In 2014, DKI Jakarta issued Provincial Regulation No. Jakarta Special Capital Region. 1 of 2014 concerning Detailed Spatial Planning and Zoning Regulations (“RDTR Jakarta“). Article 597 of RDTR Jakarta stipulates that the DKI Jakarta regional government prepares Zoning Regulation (“PZ”) as an instruments for Regional Working Unit (Satuan Kerja Perangkat Daerah – SKPD), and related agencies in controlling spatial use based on spatial use zones detailed into spatial use zones. PZ consist the Zoning Management Technique (“TPZ”), which was determined by the Governor after obtaining consideration from the BKPRD. The application of TPZ is by TDR, namely code b.
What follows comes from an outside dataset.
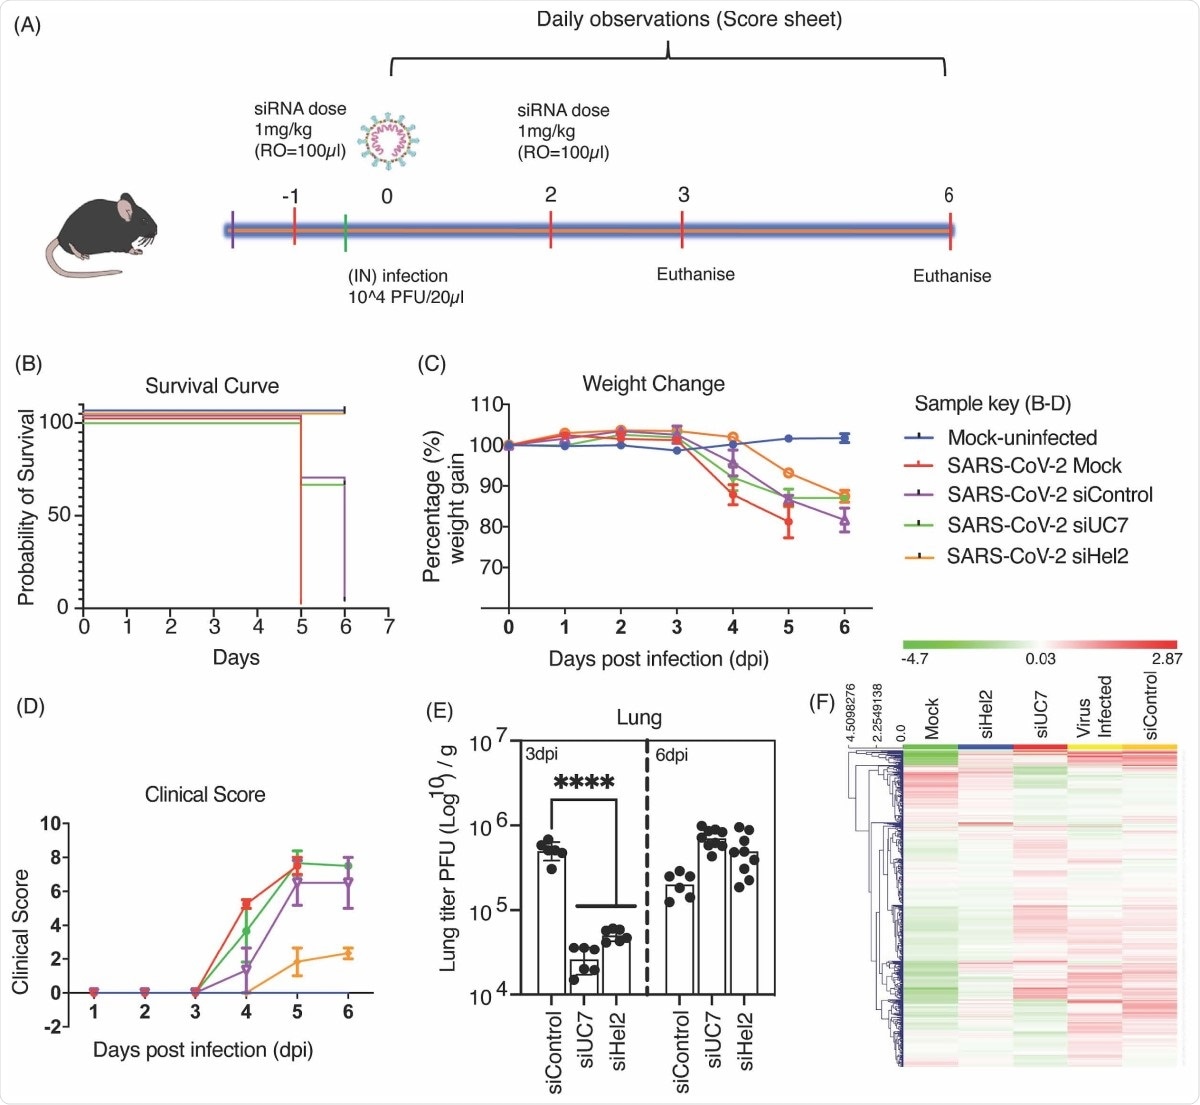 Intravenous administered sLNP-siRNA repression of COVID-19 in vivo. (A) 7–13-week-old K18-hACE.2 female and male mice were intranasally infected with either PBS or 104 PFU/ 20 μL of SARS-CoV-2 (Australian VIC1 strain, passage 4). (A) Mice were intravenously treated with 1 mg/kg in 100 μL of siRNA packaged into HFDM lipid nanoparticles (LNP) by retroorbital administration at -1 and 2 days post infection (dpi). At 3dpi and 6dpi lung and brain tissues were harvested and homogenized for immunoplaque assays. (B-D) Mouse survivorship, probability of survival, body weight (weight change), and clinical score were evaluated at the indicated days post-infection (dpi). (B) Weight loss >15% was taken as an endpoint and mice were euthanized. (C) Mice were weighed and scored daily until the experimental end point (6 dpi), for disease progression. (D) The clinical score was evaluated based on locomotion, behaviour and appearance. Each data point represents the average ± SEM of 3 to 4 mice. (E) The amount of infectious virus particles in lung tissues at 3 and 6 dpi were titrated by immunoplaque assays on Vero E6 cells, using a SARS-CoV-2 N protein specific antibody and expressed as PFU per gram of tissue. Each data point represents a technical replicate, where one mouse is equivalent to 3 technical replicates and bars represent the average ± SEM. (F) An unsupervised hierarchical cluster heatmap of immune gene expression in the lungs at 6dpi. Each row is a gene and each column is a treatment group. Rows are Z-score normalised (Green: low expression and red: high expression). A p value of <0.0001 (****) is considered statistically significant when assessed by 2-way ANOVA (Dunnett’s post- test) when compared against siControl.

Seeing that the TDR can be transferred, it can be interpreted that the developmental rights which are limited by Zoning Regulation, but have fulfilled the requirements referred to in Pergub No. 27/2012 can be transferred or sold with the provisions stipulated in Article 622 DKI Jakarta RDTR:

  1. Transfer of building rights in the form of floor area from one parcel to another in the same zone within a village administrative boundary;
  2. The transfer of building rights in the form of floor area from one parcel to another with the same zone in the area developed by the TOD concept is allowed not in one block;
  3. The right to build that can be transferred in the form of floor area from the difference between the KLB limit specified in the PZ with the KLB that has been used in the plot;
  4. The transfer of building rights in the form of floor area is not permitted in the village housing zone, the KDB medium-high housing zone, and the low KDB housing zone;
  5. The recipient of a floor area transfer receives no more than 50% of the KLB determined in the planned land;
  6. The transfer of floor area is only done once;
  7. Land that has transferred floor area and received floor area transfer has not received KLB exceedance;
  8. In a planned area the floor area has been transferred and then a new KLB is determined for the planned land, then the difference in KLB cannot be transferred; and
  9. The transfer of floor area to the zone in an integrated and compact planning land that already has a Urban Design Guidelines (UDGL), must redefine the Urban Design Guidelines.